The dimensions of the thoracic aorta vary according to age, sex, and body surface area (BSA): they increase progressively with advancing age and weight gain, while at the same age, men have a larger diameter than women [4].
Therefore, there are various methods used in both the clinical and scientific fields, which allow the dimensions of the aortic diameter to be related to the individual, such as the Z-score (used mainly in the pediatric field) and the aortic size index, which allows the risk of dissection to be stratified in adults based on the aortic diameter in relation to the height and weight (BSA) of the subject [5] (Figure 1).
Unlike abdominal aortic aneurysm, which demonstrates etiopathogenesis mostly related to atherosclerotic pathology, in thoracic aortic aneurysm, the etiology is extremely variable.
Therefore, based on the responsible etiological agent, we can distinguish different categories (sporadic, syndromic, and familial non-syndromic aneurysms).
In the case of sporadic form, the precise pathogenetic processes related to the degeneration of the medial tunica and remodeling of the entire aorta wall are not fully known [3,6].
Microscopically, the aortic wall can be divided into three layers: intima, media, and adventitia (Figure 2).
The intima is the most superficial layer of the aortic wall, the one that faces the vascular lumen. It is composed of a single layer of endothelial cells resting on a basement membrane and supported by an elastic lamina that marks the boundary with the media. The internal elastic lamina is composed of type IV collagen and laminin. The primary role of the intima is to provide a smooth, non-thrombogenic surface for blood flow, and it also regulates vascular tone (through the secretion of prostacyclin and endothelium-relaxing factors) and participates in inflammatory and immune responses.
The media is the central layer of the aortic wall and is composed of collagen fibers, elastic fibers, smooth muscle cells, and other molecules organized into concentric lamellar units. Concentric sheets of elastin enclose smooth muscle cells and are connected by finer elastic fibers. Collagen fibers are also spaced and aligned circumferentially. In the normal aortic root, the walls are made up of 50–70 layers of concentric lamellar units. This elastic and muscular organization allows the aorta to expand and counteract the pulsatile blood flow generated by the heart (Figure 3).
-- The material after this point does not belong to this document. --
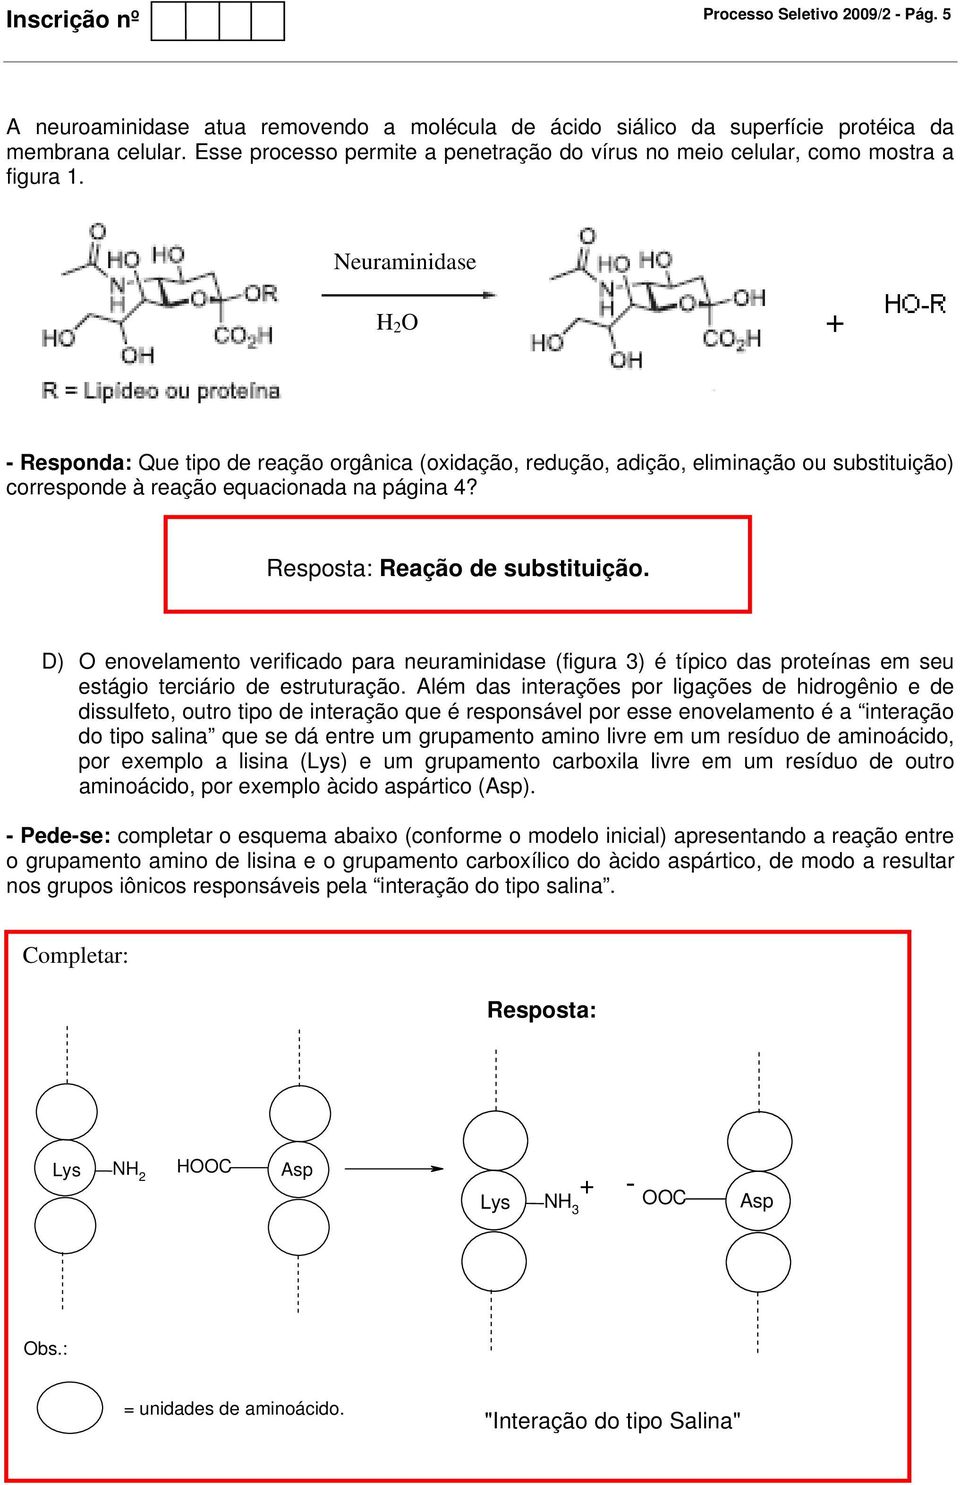 Neuraminidase 2 - Responda: Que tipo de reação orgânica (oidação, redução, adição, eliminação ou substituição) corresponde à reação equacionada na página 4? Resposta: Reação de substituição.
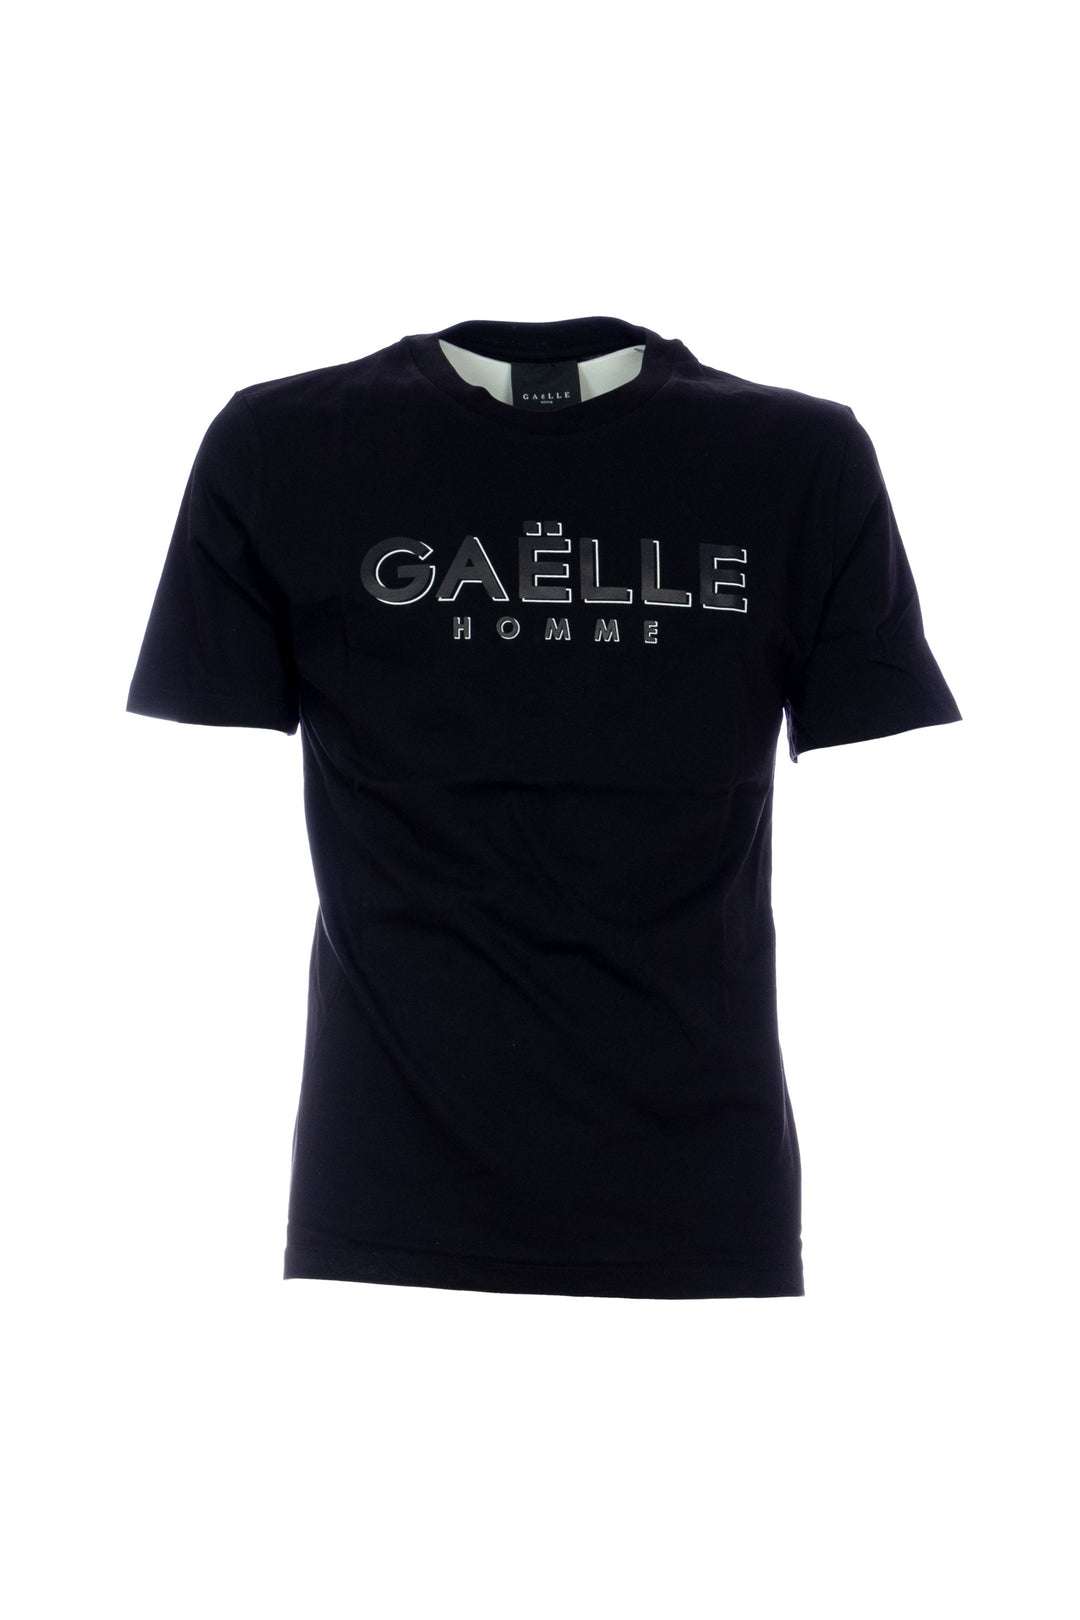 GAELLE T-shirt nera in jersey di cotone con logo stampato - Mancinelli 1954

The adventitia is the outermost layer of the aortic wall and consists of multiple layers of collagen fibers, especially type I collagen, mast cells, and fibroblasts that provide additional support to the vascular structure.
However, in the past few years, our group demonstrated the role of diverse pathways, differentially expressed, including, for example, Notch, TLR4, eNOs, RAS, TGF-β, and MMP pathways, as well as the crucial involvement of inflammatory pathways [8,9,10,11]. They were demonstrated to induce the remodeling of the aorta wall, including the infiltration of leukocytes, increased levels of systemic parameters related to chronic inflammation, and the augmented release of enzymes able to degrade the aortic wall, and to determine thoracic aortic aneurysm formation [12,13,14].
Recently, numerous data in the literature demonstrated how the alteration in the endothelial glycocalyx (eGCX) increases inflammatory processes and leukocyte adhesion, which augment the risk of vascular diseases [15,16,17,18,19]. The endothelial glycocalyx is a proteoglycan complex, composed of a protein core (syndecans) and glycosaminoglycans, such as heparan sulfate, chondroitin sulfate, and hyaluronas, lining the luminal surface of endothelial cells (ECs) in all blood vessels [20,21] (Figure 4).
The integrity of the endothelial glycocalyx is essential for maintaining the homeostasis of the cardiovascular system, as it plays an important role in several functions of blood vessels, semi-permeable barrier, shear stress mechanosensation, and mechano-transduction, stimulating the production of nitric oxide, protecting from cellular infiltration and the activation of inflammatory processes [23].
Thus, the aim of our review is to analyze the role of endothelial glycocalyx dysfunction, and the relationship of syndecans, in aortic aneurysm (AA) pathogenesis. This might help to identify new biomarkers and targets.

2. Alterations in the Endothelial Glycocalyx Underlying Various Pathological Processes

It was previously adequately demonstrated that endothelial cell alterations play a key role in the pathogenesis of various microcirculatory alterations that then lead to the onset of systemic pathologies. In particular, major alterations affect the metabolism of nitric oxide (NO), with a consequently reduced bioavailability of the same and altered vasodilation [24].
Furthermore, the flowmetric alterations determine, through a mechano-transduction mechanism, an increase in inflammatory processes, pre-repression of atherosclerotic phenomena, and an increase in thrombogenic processes [25].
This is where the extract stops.